Вылет моего рейса из Черского отложили. Шел назад в гостиницу вместе с двумя юношами-юкагирами. Один из них тоже направлялся в Якутск. Он сочинял песни, недавно поступил в музыкальное училище. «Будет нашим первым профессиональным композитором»,— сказал мне днем Николай Курилов. Другой паренек провожал товари­ща. После школы он работал на одном из предприятий райцентра — никак не мог решить, в какой институт поступать. Он рассказывал поэтичные, долгие истории о юкагирской старине.

Стемнело быстро. Почти до утра мы сидели в моем номере. О чем говорили? О том, что кончается век, кон­чается и тысячелетие — теперь яснее видны запутанные пути истории. О людях, которые прокладывали юкагирам мосты в будущее. О будущем, в котором так хочется жить.

 

 

 

ЗАВЕЩАНИЕ САМУИЛА МАРШАКА

Я читал одно из последних писем Самуила Яковлевича Маршака. Под письмом стояла дата: 14 мая 1964 года. А умер Маршак четвертого июля.

Письмо, отпечатанное на машинке и подписанное рукой тяжело больного человека, было адресовано якутскому поэту Семену Титовичу Руфову. Он тогда переводил сонеты Шекспира на свой родной язык и некоторые из переводов, опубликованные в газетах, послал Маршаку.
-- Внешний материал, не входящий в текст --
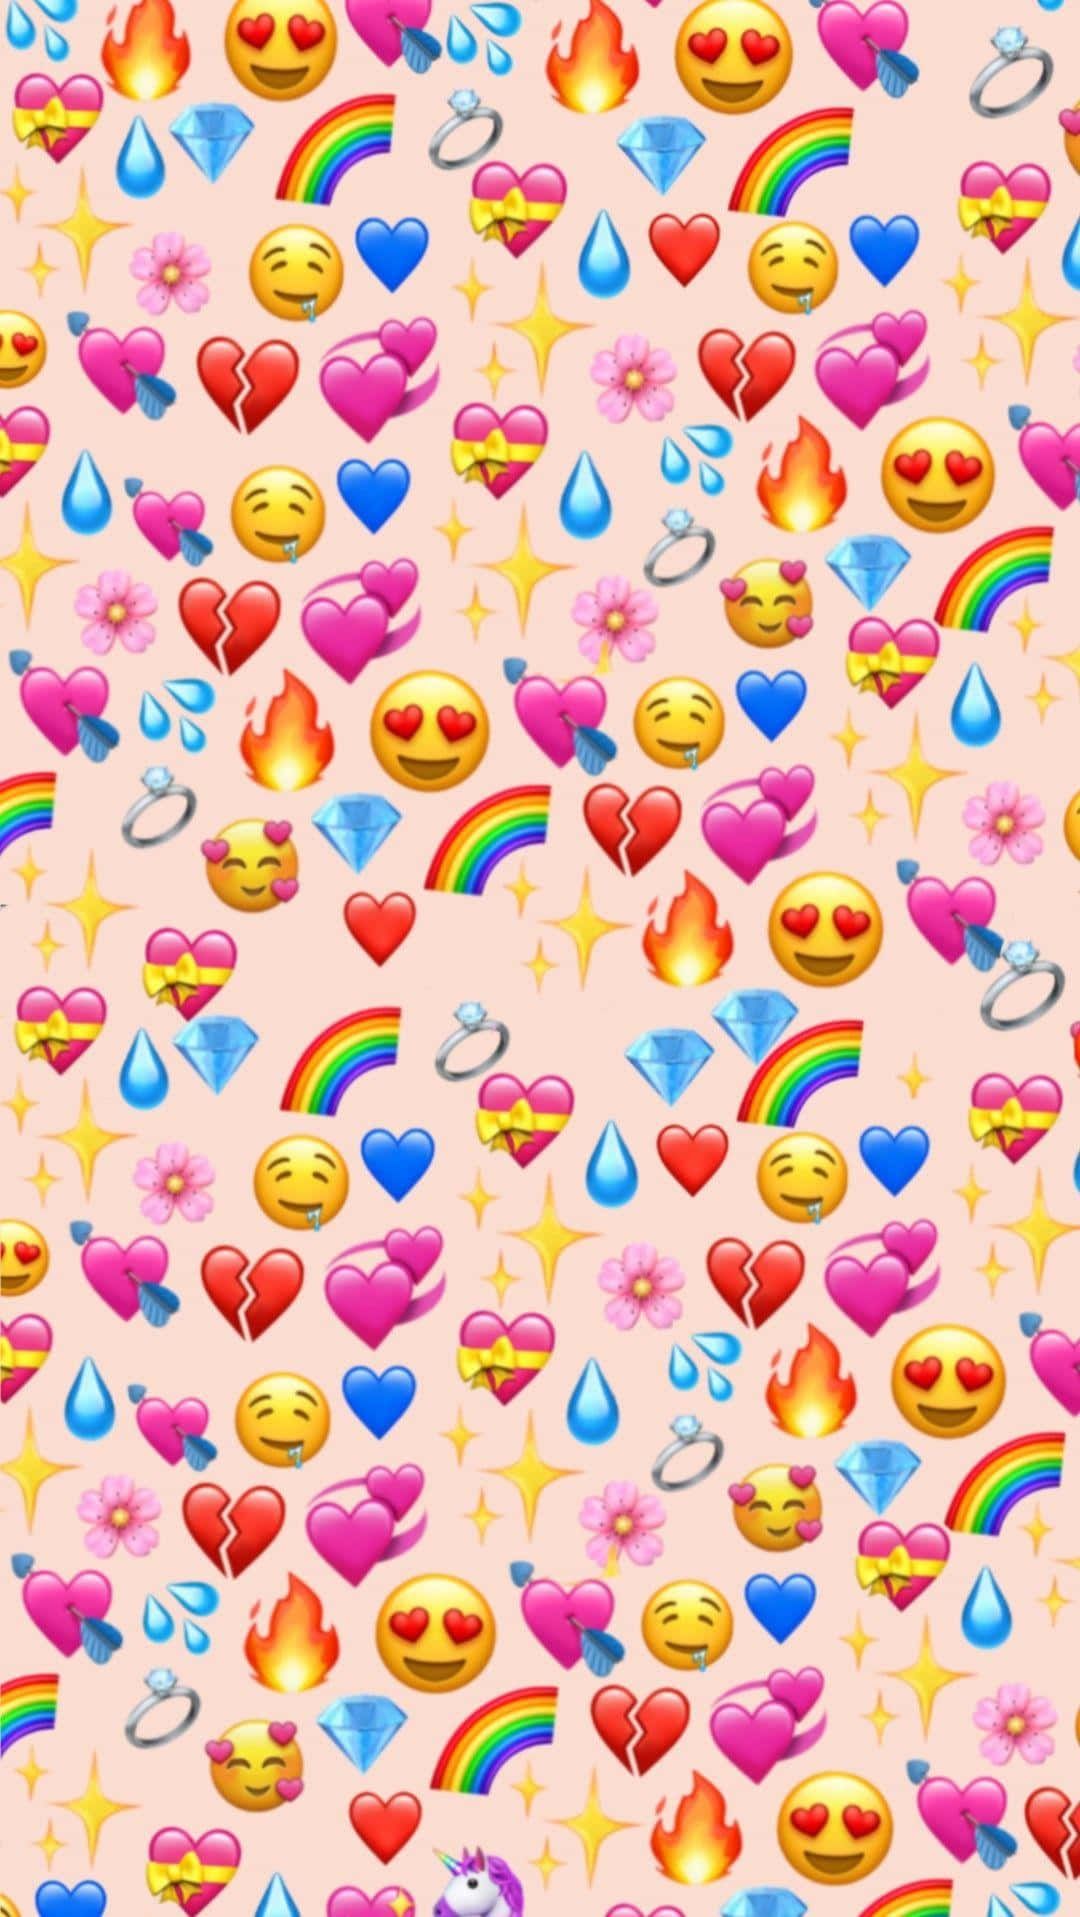 A colorful wallpaper with a lot of emojis. - Emoji

Старые писатели обязательны и вежливы. «Очень рад, что Вы познакомили Ваш талантливый народ с поэзией Шекспира»,— писал Маршак. Еще он прислал Руфову книгу — одно из изданий «Сонетов».

Мы встретились с Руфовым вскоре после того, как он закончил перевод «Витязя в тигровой шкуре» Шота Руста­вели. Работа эта вконец вымотала его, но оставила ощу­щение неповторимого счастья.

Руфов переводил «Витязя» пятнадцать лет. В это время у него рождались и вырастали дети, появлялась седина, но почти ежедневно он упрямо уходил к «Витязю».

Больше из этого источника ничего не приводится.